In the records below, find the line with "歪んだストリングスに高速ドラムの未再生の波形", then retype it and every following line exactly, stopping after the line with "Masura BASIC White". Leave the pictures out.

++++ INFORMATION GIVEN

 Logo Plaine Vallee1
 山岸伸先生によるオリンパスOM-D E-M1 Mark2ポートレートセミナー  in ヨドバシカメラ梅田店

++++++++
++++ INFORMATION GIVEN

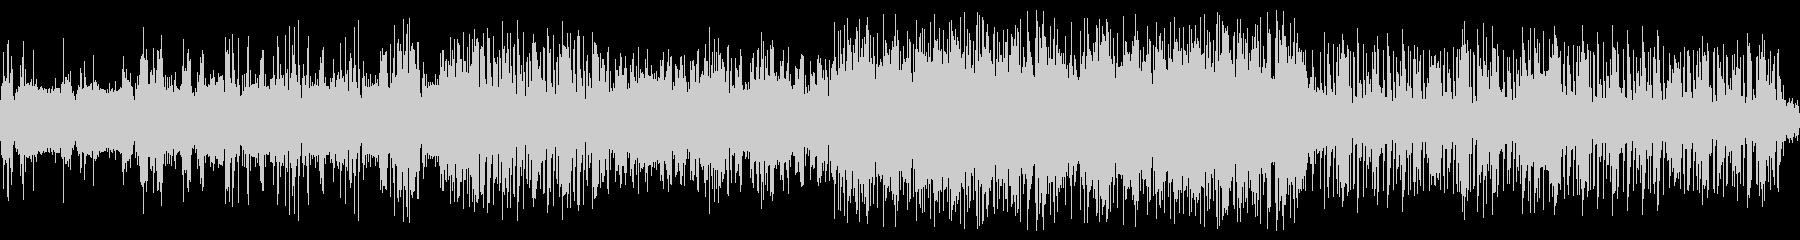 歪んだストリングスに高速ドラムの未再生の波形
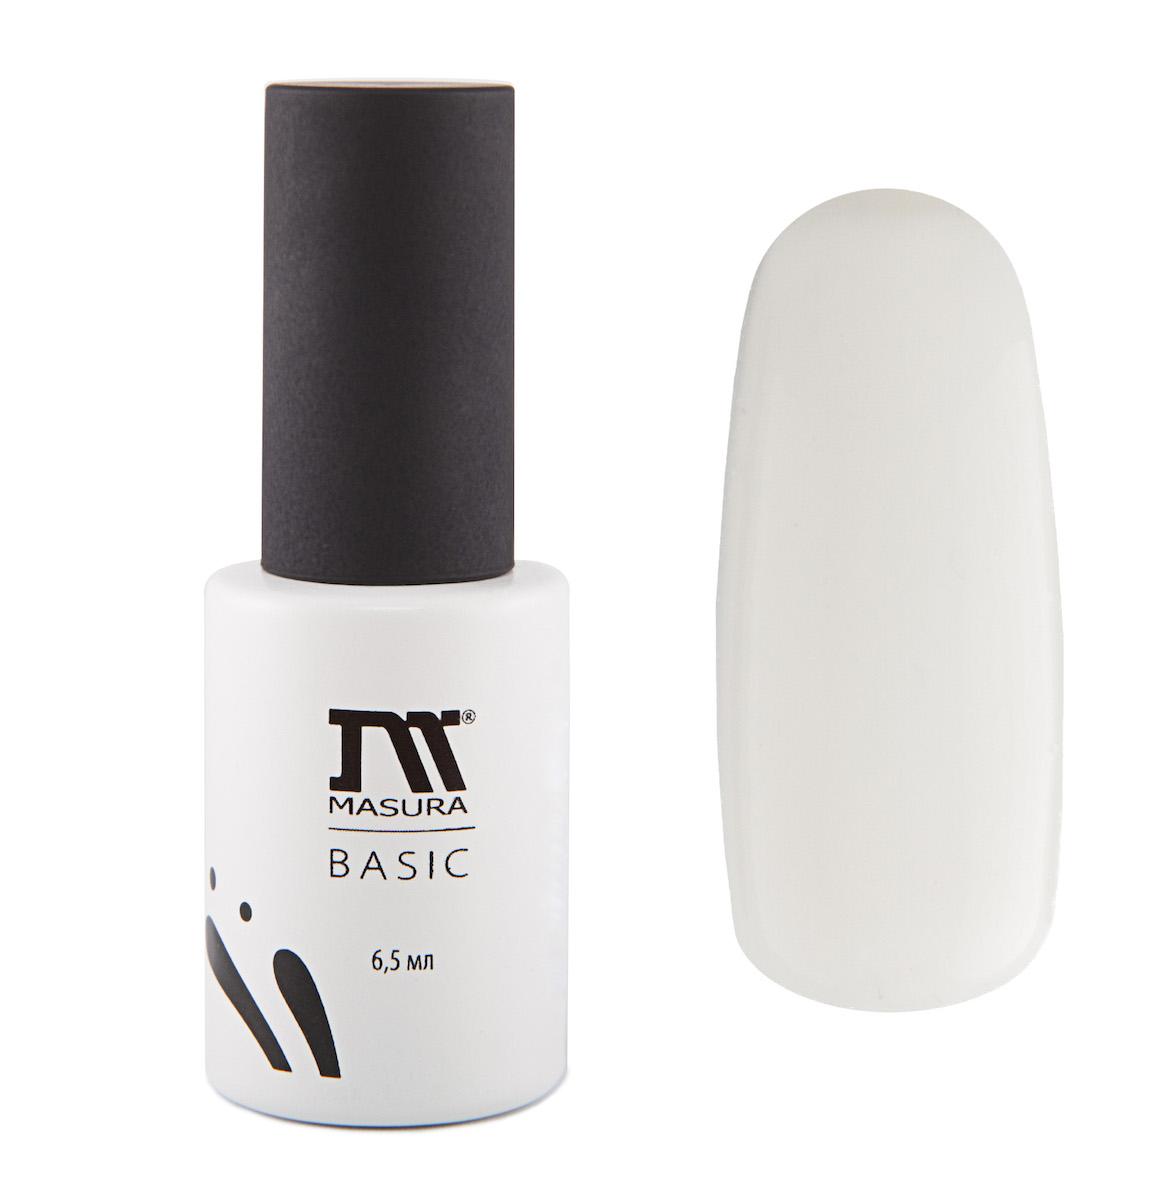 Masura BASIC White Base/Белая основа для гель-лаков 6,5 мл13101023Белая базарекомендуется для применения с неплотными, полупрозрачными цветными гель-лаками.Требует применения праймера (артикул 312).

++++++++

:: EXERCISE SOLUTION ::
 歪んだストリングスに高速ドラムの未再生の波形
 Masura BASIC White Base/Белая основа для гель-лаков 6,5 мл13101023Белая базарекомендуется для применения с неплотными, полупрозрачными цветными гель-лаками.Требует применения праймера (артикул 312).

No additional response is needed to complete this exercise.